* Exercise description *
Once you find the line containing "Invitation to the Quran Completion Ceremony", please retype it and every line after it to the end of the entries, exactly and with nothing added.

* Provided entries *
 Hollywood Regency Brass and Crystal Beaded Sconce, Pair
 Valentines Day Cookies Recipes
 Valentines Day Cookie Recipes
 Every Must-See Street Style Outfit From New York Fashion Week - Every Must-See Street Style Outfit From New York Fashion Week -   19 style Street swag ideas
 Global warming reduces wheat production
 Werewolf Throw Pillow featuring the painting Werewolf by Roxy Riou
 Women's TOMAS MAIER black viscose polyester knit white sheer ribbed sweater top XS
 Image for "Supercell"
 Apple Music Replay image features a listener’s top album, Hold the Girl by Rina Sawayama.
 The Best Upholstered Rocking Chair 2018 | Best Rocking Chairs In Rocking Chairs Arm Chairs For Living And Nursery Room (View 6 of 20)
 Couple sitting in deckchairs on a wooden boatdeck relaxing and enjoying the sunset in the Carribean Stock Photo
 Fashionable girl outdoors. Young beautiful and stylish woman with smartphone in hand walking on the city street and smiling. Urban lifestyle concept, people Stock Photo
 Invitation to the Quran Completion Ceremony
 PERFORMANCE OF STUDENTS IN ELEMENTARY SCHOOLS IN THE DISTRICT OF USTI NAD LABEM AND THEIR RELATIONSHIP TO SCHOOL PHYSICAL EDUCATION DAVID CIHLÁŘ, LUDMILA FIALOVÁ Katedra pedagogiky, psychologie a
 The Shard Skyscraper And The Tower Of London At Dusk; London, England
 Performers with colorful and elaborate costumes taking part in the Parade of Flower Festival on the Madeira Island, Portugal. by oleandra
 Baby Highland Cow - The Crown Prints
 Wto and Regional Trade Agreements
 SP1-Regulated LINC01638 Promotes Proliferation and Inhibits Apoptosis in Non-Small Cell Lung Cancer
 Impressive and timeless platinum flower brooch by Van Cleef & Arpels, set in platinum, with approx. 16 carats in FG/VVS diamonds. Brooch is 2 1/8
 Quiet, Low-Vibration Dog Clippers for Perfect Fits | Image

* Solution *
 Invitation to the Quran Completion Ceremony
 PERFORMANCE OF STUDENTS IN ELEMENTARY SCHOOLS IN THE DISTRICT OF USTI NAD LABEM AND THEIR RELATIONSHIP TO SCHOOL PHYSICAL EDUCATION DAVID CIHLÁŘ, LUDMILA FIALOVÁ Katedra pedagogiky, psychologie a
 The Shard Skyscraper And The Tower Of London At Dusk; London, England
 Performers with colorful and elaborate costumes taking part in the Parade of Flower Festival on the Madeira Island, Portugal. by oleandra
 Baby Highland Cow - The Crown Prints
 Wto and Regional Trade Agreements
 SP1-Regulated LINC01638 Promotes Proliferation and Inhibits Apoptosis in Non-Small Cell Lung Cancer
 Impressive and timeless platinum flower brooch by Van Cleef & Arpels, set in platinum, with approx. 16 carats in FG/VVS diamonds. Brooch is 2 1/8
 Quiet, Low-Vibration Dog Clippers for Perfect Fits | Image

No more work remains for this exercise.